As George chattered on, a chill ran down Nancy’s spine. She had never seen Teresa before, but somehow she knew what she was thinking, knew the way she would leap in the air to return a high-bouncing shot—and knew why she was afraid.

Teresa Montenegro was the girl in the photograph, the girl who was the image of Nancy Drew!

 

Chapter Three


N
ANCY, THIS IS
incredible,” Bess suddenly exclaimed, turning to Nancy. “Teresa Montenegro is almost your exact double!”

“Almost,
nothing
,” George said. “Now that I look closely, she could be your twin sister!”

Nancy’s gaze never left Teresa as she responded, “We look enough alike . . . to confuse anyone . . . even professional . . .”

Afterward, Nancy was able to remember very little of that first match she watched Teresa play. Her eyes were too busy scanning the crowd for possible threats. Her mind was too busy piecing things together.

First I’m abducted, and then I’m dumped because a mistake was made, Nancy thought. No, that’s not first. First there’s Senator Kilpatrick and her mysterious committee, and the senator’s calling me to do a secret errand. Then the snatching. Now here’s Teresa looking like me—and looking scared. And the bomb threat!

Teresa had to be the connecting link between the pieces. I have to see Teresa, and fast, Nancy decided.

As soon as the match ended, with Teresa winning, Nancy began pushing her way out of the box.

Before she was at the bottom of the wooden staircase, George and Bess had caught up with her. “What’s going on? Talk!” George ordered.
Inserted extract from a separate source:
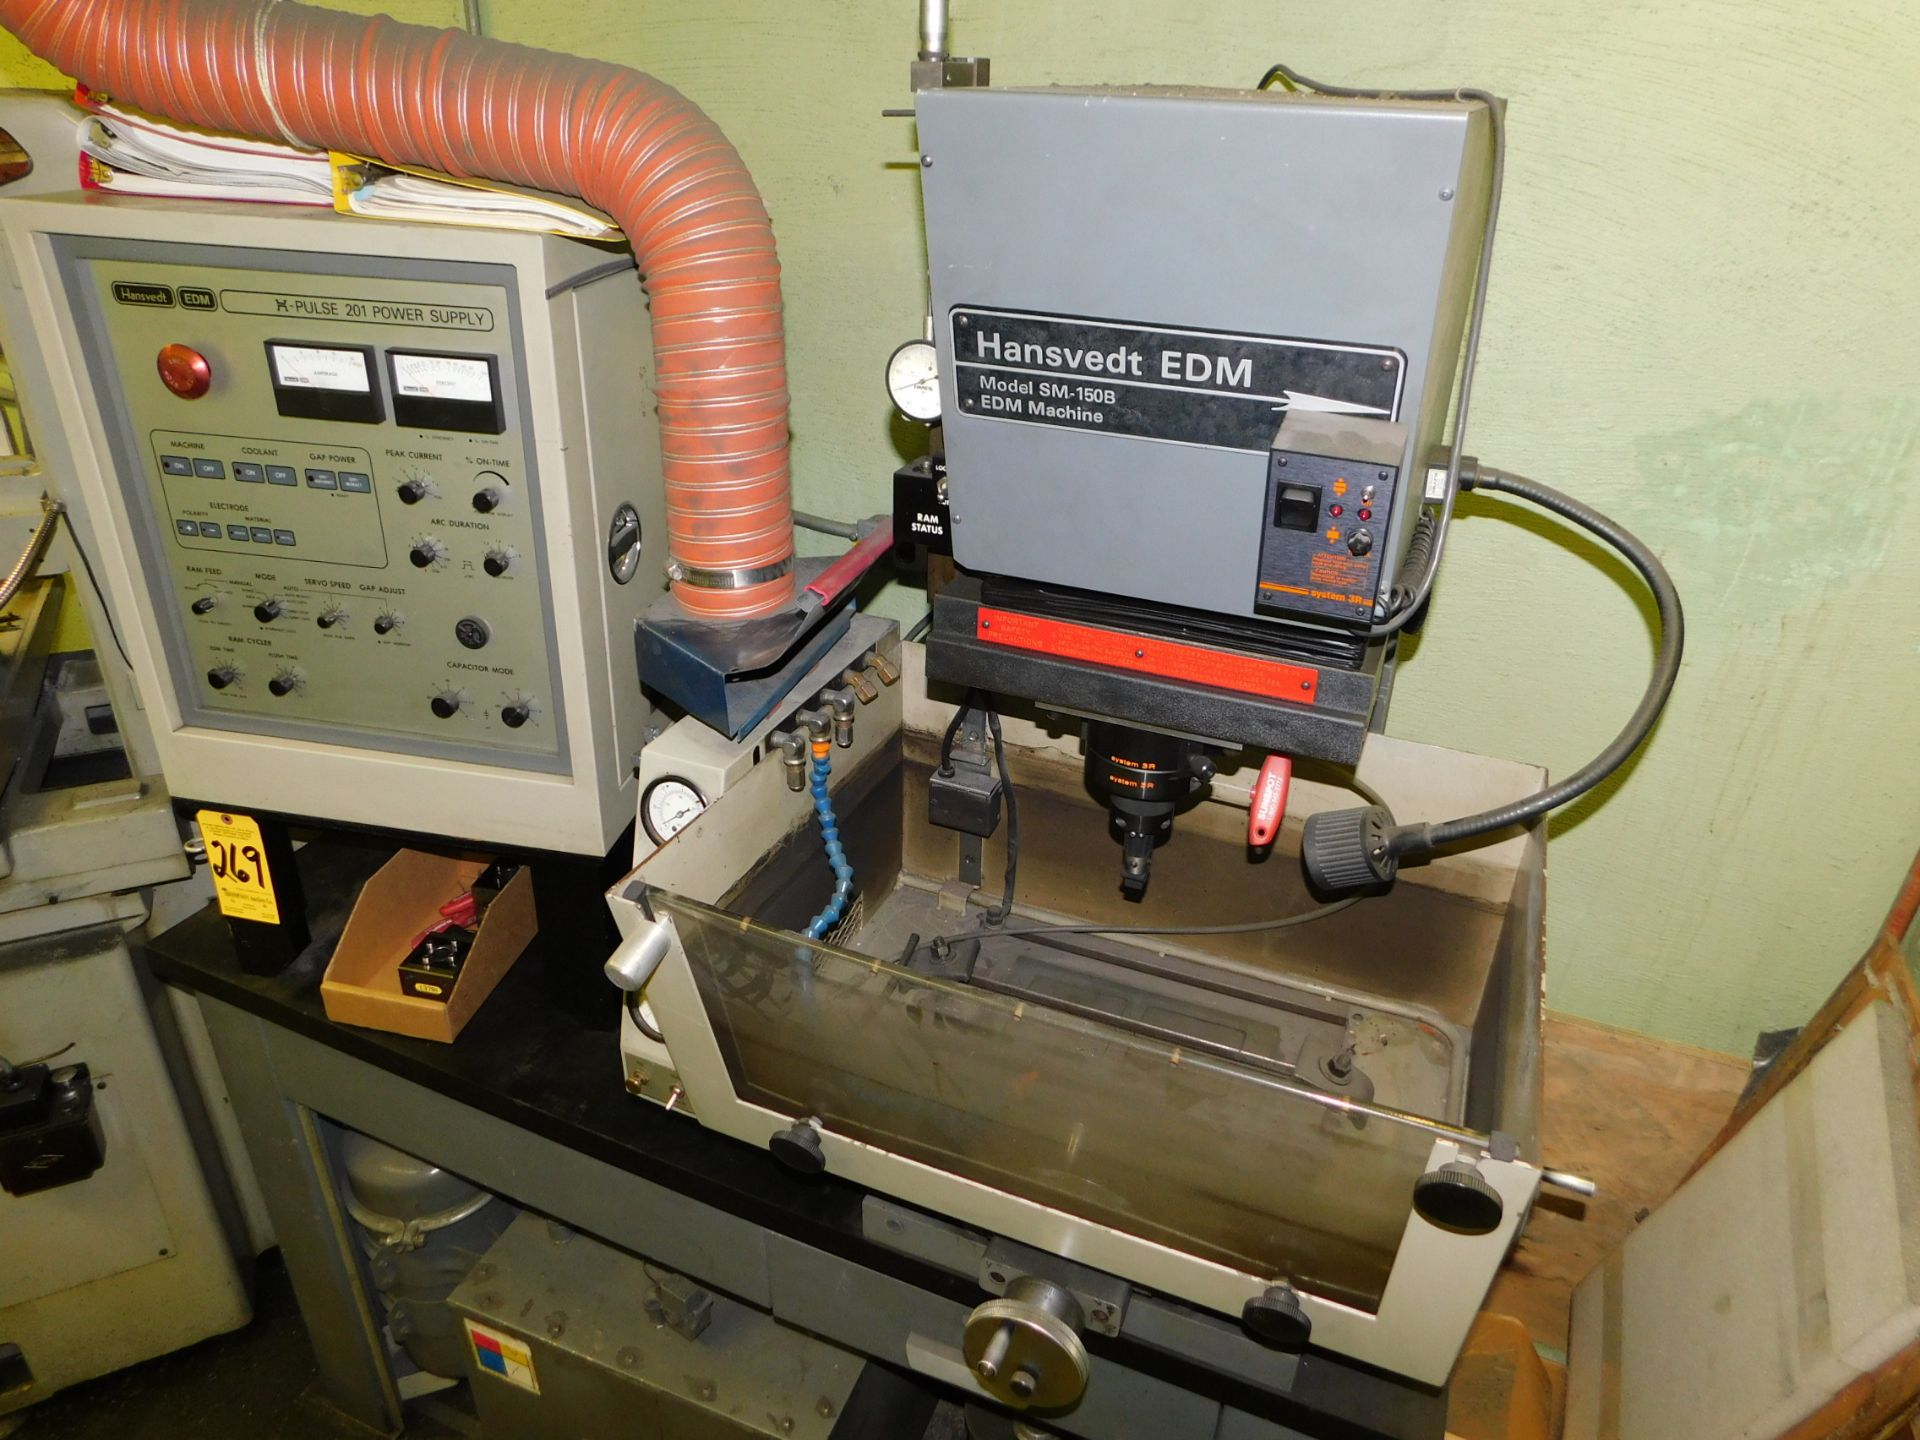 Hansvedt Model SM-150B Bench Top EDM Machine, s/n B08323, Pulse 201 Power Supply, 20 Amp, 6 In. X - Image 3 of 9

“Not here! Keep up with me till we find an open space.” Nancy started to run toward the gym with the other two close behind. “Find out if Teresa’s gone in there yet,” Nancy told George, who took one look at Nancy’s taut face and obeyed. Without being told, Bess slid the binoculars off Nancy’s arm and began to watch the approaching crowd.

“Teresa’s just leaving the field with a cute guy. They’re walking this way,” she reported just as George reappeared.

“Great. Then we have a few minutes.” Nancy led them a short way from the gym to a deserted patch of open lawn. In a low voice and with as few words as possible, she told them about her abduction and her suspicions.